Robert Crews, N7KT

CWops# 3216, from Kingman , AZ , USA.---->View on Google maps

My former calls: KN6LKD, K6LKD, K6JN, KB1K, K1VA, and KO7W. A month after I entered high school in 1957, the Russians launched the first Earth satellite, Sputnik 1. A family friend loaned me a Hallicrafters S38D receiver to try and find its 1 watt beacon signal. Tuning just above (20.005 MHz) 20 MHz WWV, I don’t remember if I really ever heard the signal.

After 3 weeks Sputnik 1 stopped sending. I started tuning around the bands and came across the 40 m amateur band. I guess somewhere around this point I was getting hooked. I got an ARRL License Manual. Started practicing CW by sending code to myself. Then Charlie, W6UQF, gave me the exam and I passed! Was issued call KN6LKD on January 28, 1958.
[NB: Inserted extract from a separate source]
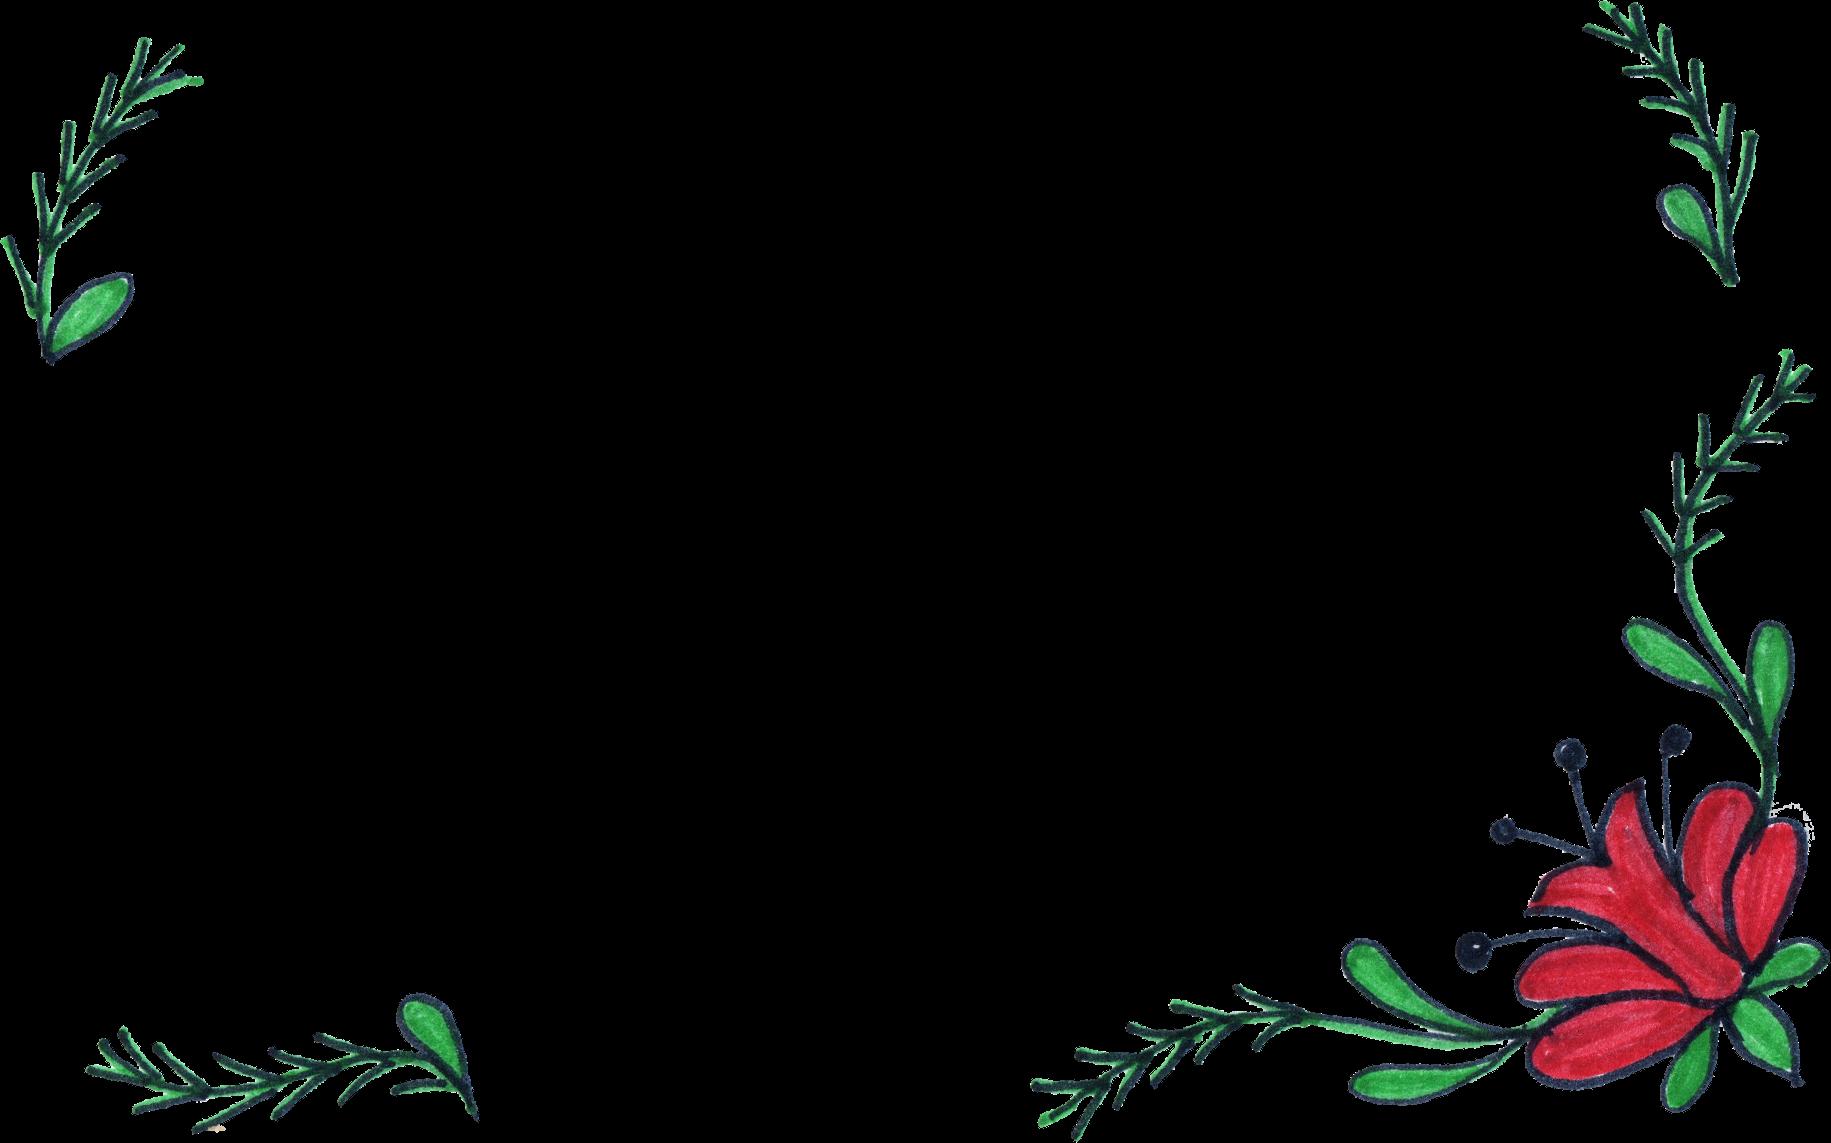 Flower Frame Line Drawing : Flower frame drawing png transparent onlygfx

Spent many hours as a Novice operating and met many new friends. On December 17, 1958, passed General Class exam– first try! Thought I’d fail miserably — but not because of Morse code.

The year 1959 would prove to be monumental for me. I got exposed to contests after operating Field Day and Sweepstakes. Got introduced to traffic handling after being talked into listening to several NTS nets. Both contesting and traffic handling were CW only. My fate was sealed!
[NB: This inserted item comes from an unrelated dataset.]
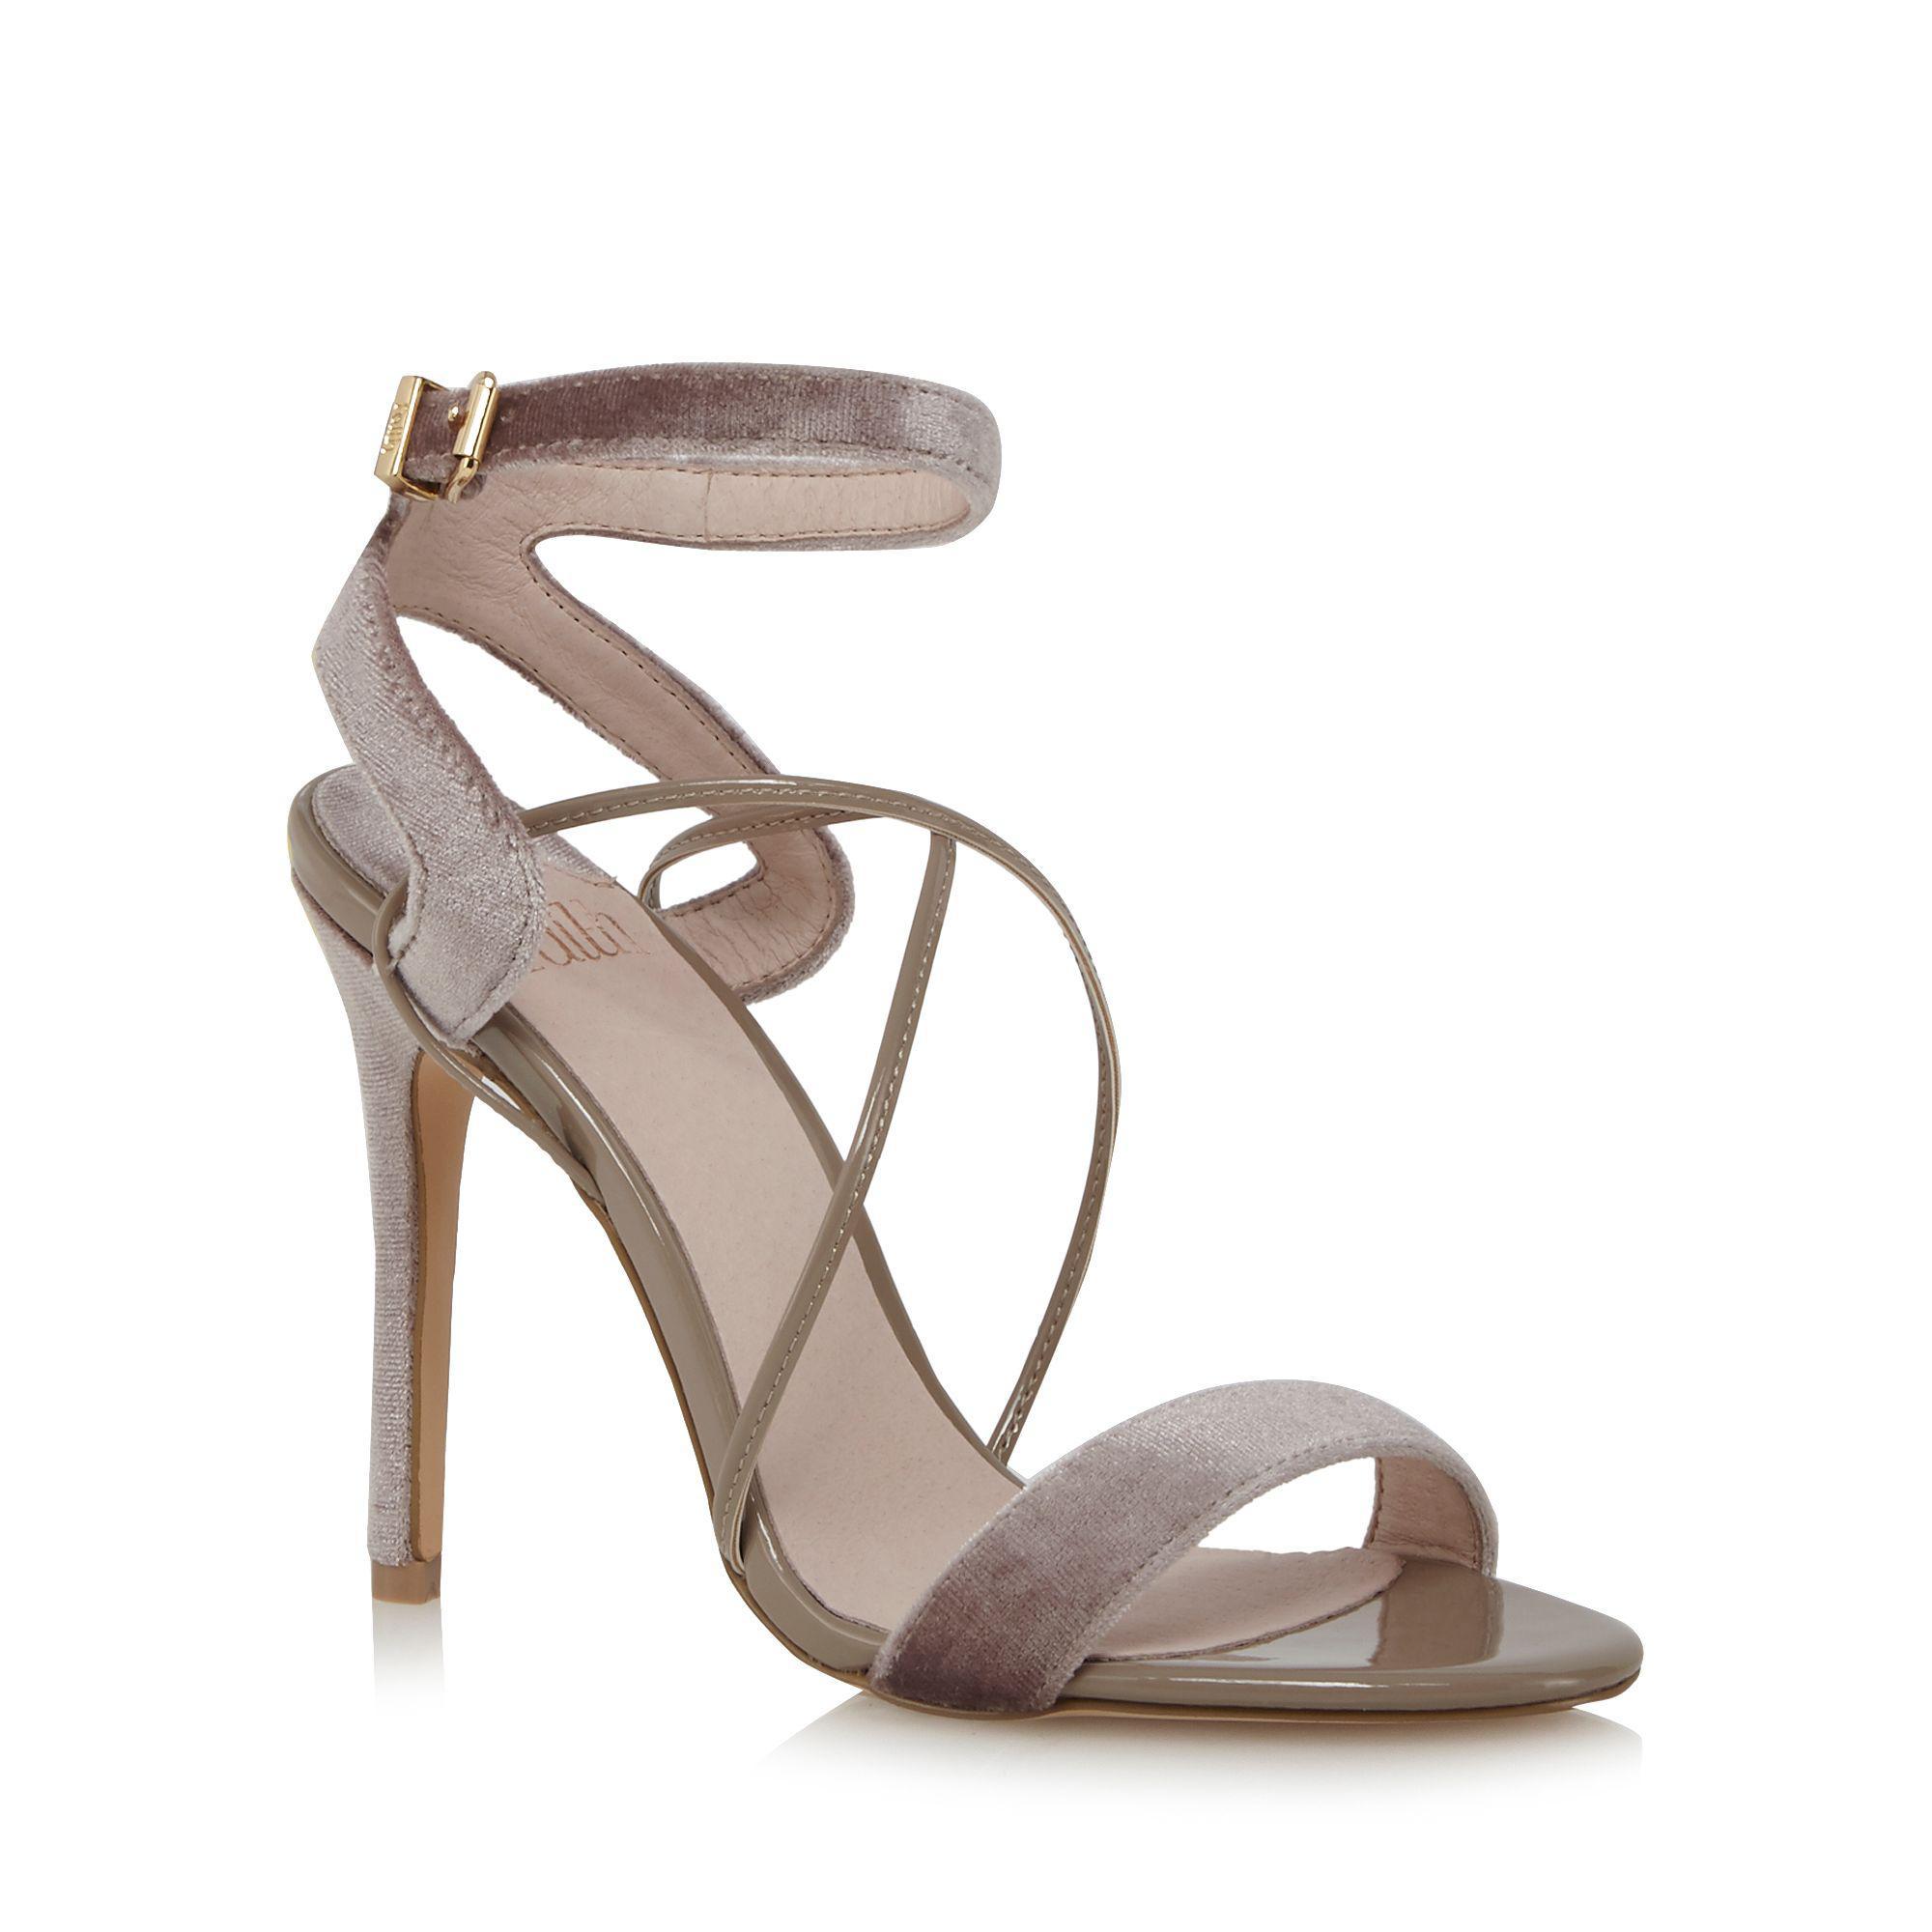 8c6a31bf35b0 Faith Purple  dana  High Stiletto Heel Ankle Strap Sandals in Purple ...

One night in 1960 the manager of the So Cal Net showed up with a brand new W9TO keyer. It sounded pretty good keying his Collins 32V3 — which already had beautiful keying. In my book CW was here to stay! I never owned a ‘TO keyer but I built my share of keyers — some sounded great; some not so much. The one with a single 6AQ5 and no voltage regulation was a classic.
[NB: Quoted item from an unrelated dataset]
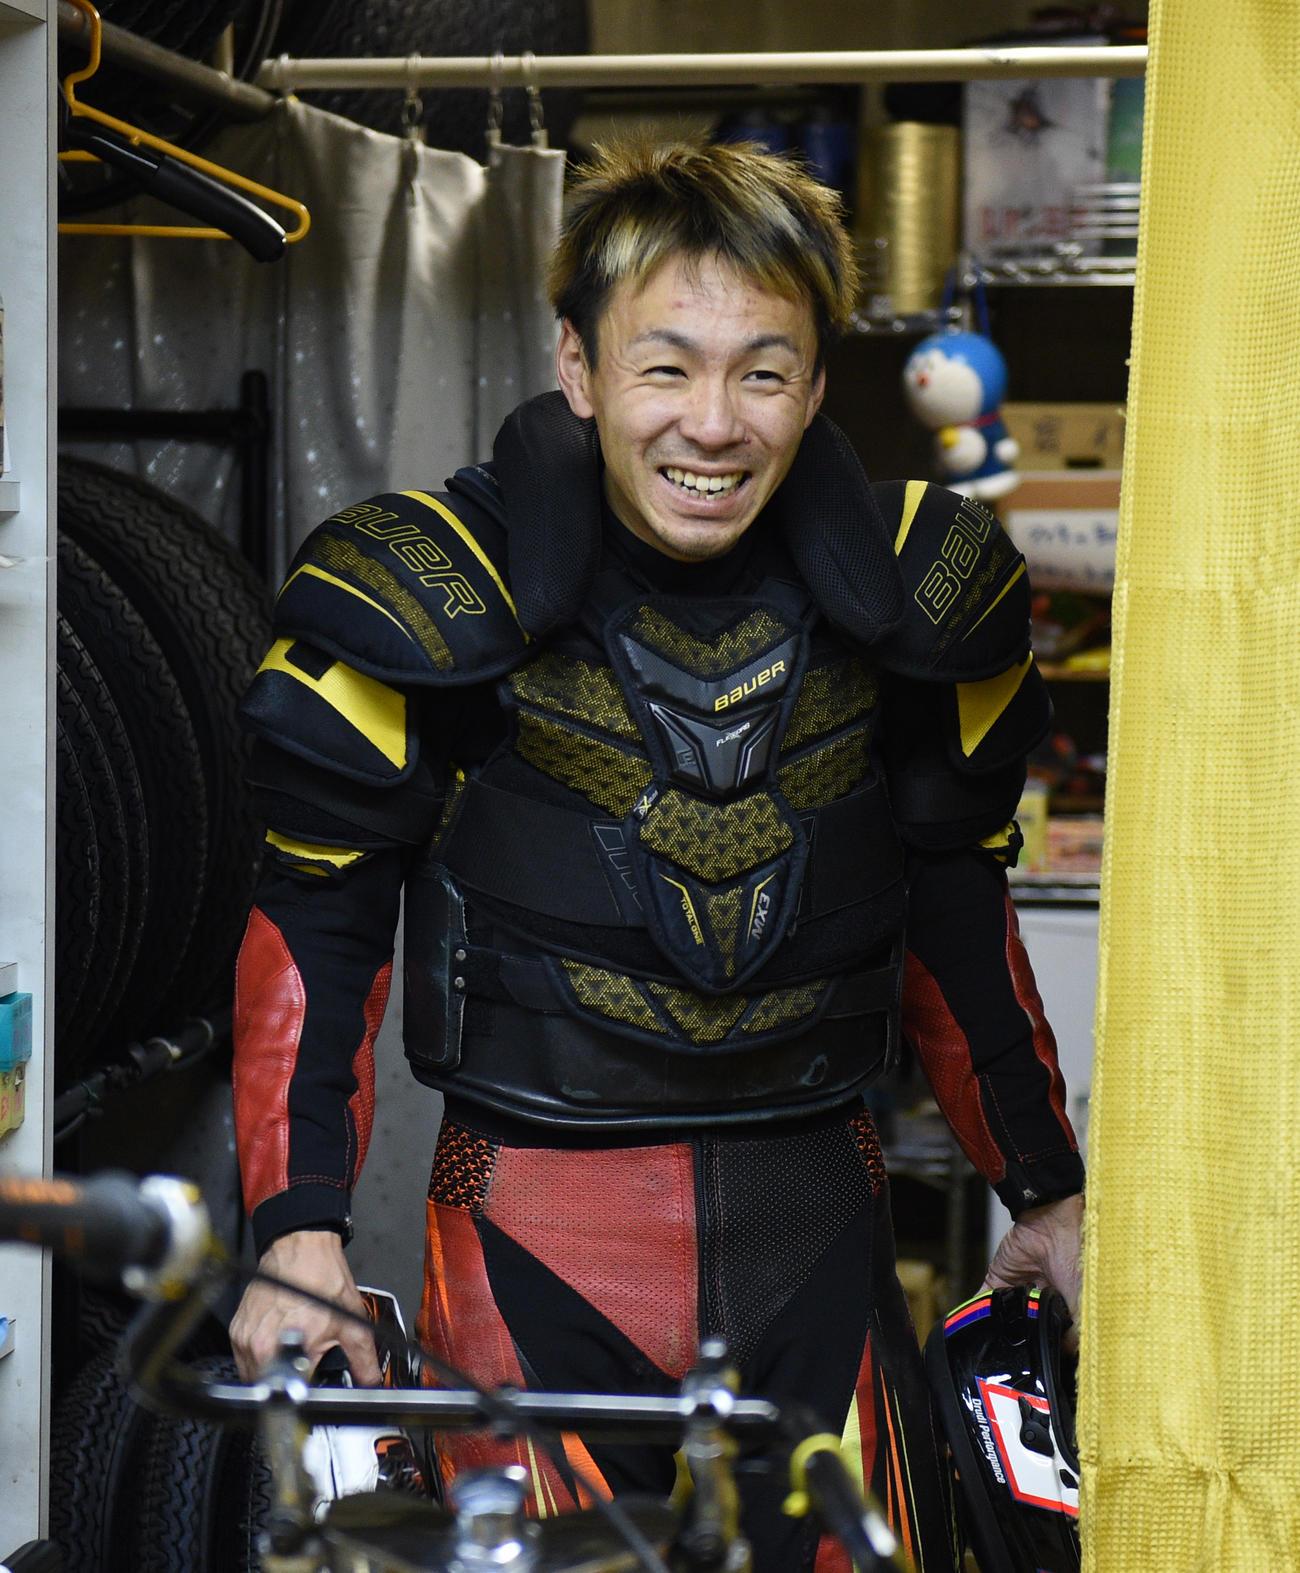 SG日本選手権初日、1次予選1Rで1着岩田裕臣を笑顔を見せる(撮影・柴田隆二)

Life went forward: College; work; marriage; move; change jobs; periods off the air; move; change callsigns; change jobs; etc, etc. Radio went in spurts and dormant periods. Where has all the time gone? Finally in May of 2019 I bowed out of CW traffic handling after some 30+ years off-and-on. Only thing left was contesting. I’m too old to sit in a chair for 24 straight hours. One night earlier this year (2022) I was tuning around the CW bands and came across a Wednesday night CWops test. Really caught my interest. These guys are really good and some are really fast. Why not? It’s the fastest 60 minutes in radio. I want to thank Jim McDonald, N7US, for nominating me. Also thanks to Sponsors Hank W6SX, Jim WT9U, Max VE6RST, Doug KR2Q, and Rob K6RB.

This biography is what appeared in Solid Copy when the member joined CWops.